マルコの手がカノエを気遣わし気に優しく撫でている――が、マルコは無表情のまま視線を明後日に向けてコーヒーを飲んでいる。
特別に緊張しなくて良いように、普段通りに話ができるように、カノエの気持ちが落ち着くまで待つから――そう言ってくれているように思えた。
優しい温もりが手先から伝わって来るのを感じると、トクン……と心臓が柔らかく脈打つ。そして、この気遣いはきっと他の意味もある。
それは――
思わずクッと固唾を飲み込んだカノエは、少し悲し気な表情を浮かべた。

「後悔……されていますか?」
「後悔……?」
「ジェナ殿のこと……」
「……」

マルコは何も言わずにコーヒーを一気に飲み干してカップをローテーブルに置いた。

「後悔か……。どちらかと言えば半ば強引にカノエに手を出したことの方がでけェかもなァ」
「へ?」

マルコの言葉にカノエは目を丸くして少し間の抜けた声を漏らした。

「殺されかける前に少し…色々な」

ポリポリと頭を掻いて言い難そうに零したマルコは、ソファの背凭れに背中を預けて片手で口元を覆った。
みなまで言わなくともジェナと何があったのか、カノエは何となく察していた。だとしても――だ。

「何故……、私にあのような」
「あの時のカノエが、あまりらしくなかったからよい」
「――!」
「平静を取り戻させる為の一種の劇薬みてェなもんだ。よく効いたろい?」
「あ、そ、そう、ハハ、そうか、あァ成程!」

苦笑を浮かべながらマルコから視線を外したカノエは、それなら納得ですとばかりに何度も頷いた。そんなカノエの反応に片眉をピクリと動かしたマルコは少し鋭い目を向けた。

「カノエ」
「うむ、私は男として生き、血で汚れた身故、マルコ殿のお相手に見合うわけがないというのに、何を勘違いしたのやら、ハハ、とんだ失礼を致した。マルコ殿にはより相応しい女子おなごが」
「落とすなよい」
「――ッ……」

最後まで言わせない。そんな強い口調でマルコはカノエの言葉を遮った。驚いて口を噤んだカノエは、マルコに顔を向けると目を丸くした。

どうしてそんな怒って……。

不機嫌、不満、それとも――表情が険しいマルコにカノエは笑みを徐々に消して俯いた。

「砂浜で、」
「え……?」
「――好きな人ができたって言ってたな」
「!!」

マルコの言葉に驚いたカノエはバッと顔を上げた。

「な、何故それを!?」

船を降りて行く姿を見掛けたから後をつけた、とマルコが答えるとカノエは愕然とした。
あの日、早朝に人知れず船を降りたはずだったのに、まさか気付かれていたなんて、全く思いもしなかった。
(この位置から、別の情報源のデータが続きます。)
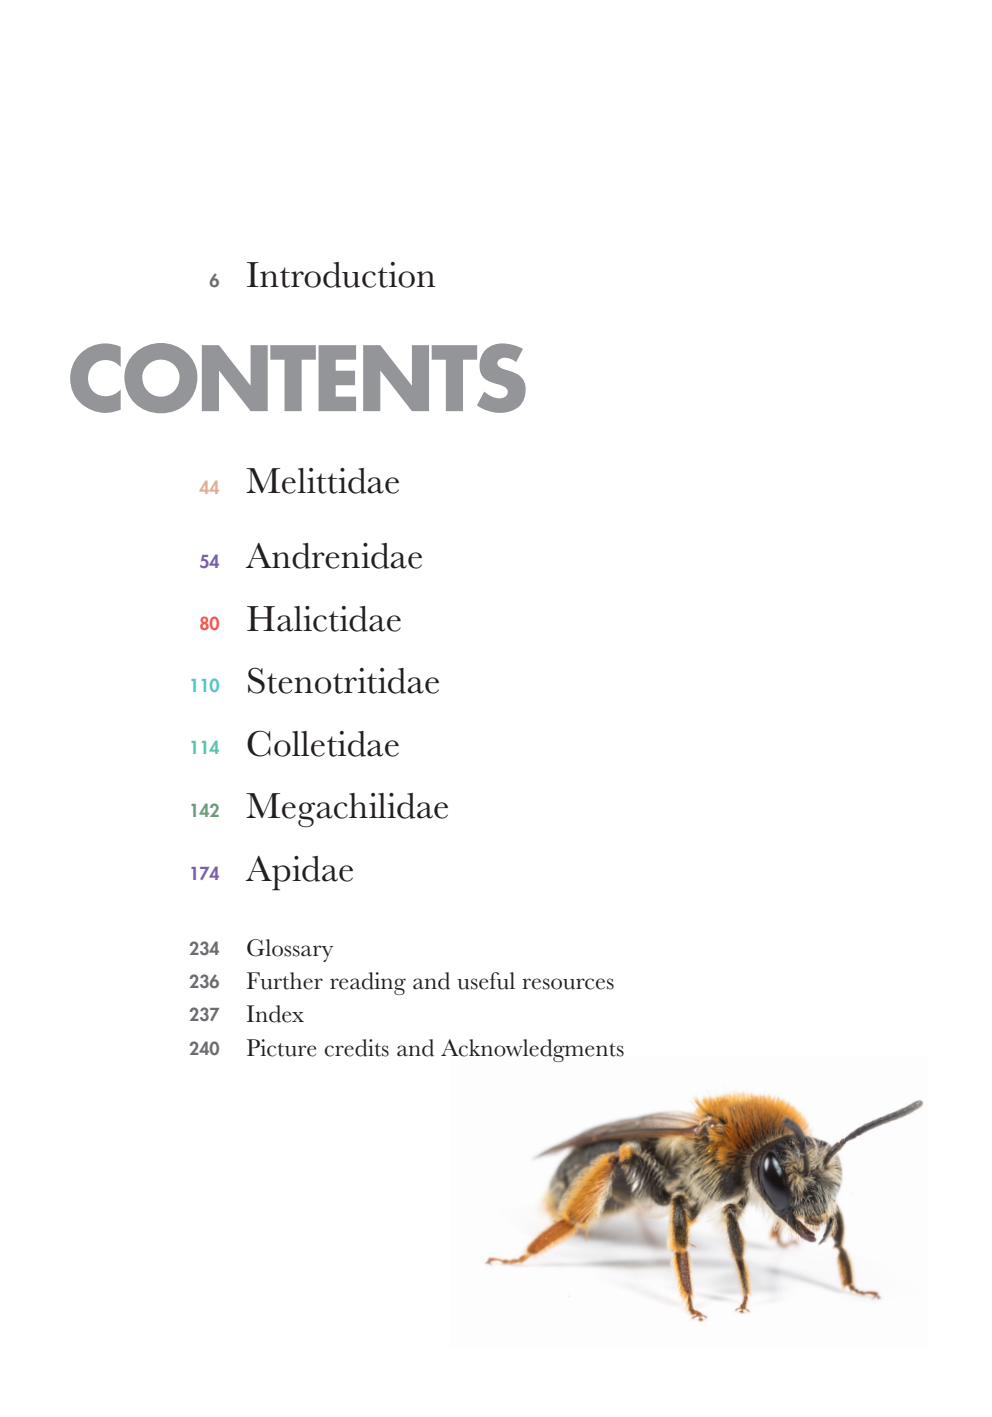 Bees%20of%20the%20World_006.png

人の気配を敏感に察する能力に長けることは、剣客としての習いで得意中の得意としていたのに、後をつけるマルコの気配に全く気付かなかったなんて――。
さらに、遠い昔に見た景色とよく似たあの砂浜で、嘗て自分に生きる道を示してくれた恩人に語り掛けていた話まで聞かれていた――それもマルコに――とあっては、流石に動揺するのは当然で酷く狼狽えた。

「あ、あぁの、あ、あれは、」
「誰だよい」
「――え!?」
「カノエの好きな人ってェのは誰だって聞いてんだよい」
「そ、それは……!」

焦りが生じて思考が追い付かない。マルコに見られて知られて聞かれていた事実が何よりもカノエの心を大いに掻き乱した。
あ…、う…、と声を漏らした末に眉尻を下げて閉口したカノエは、堪らず俯いて両手をギュッと握り締めた。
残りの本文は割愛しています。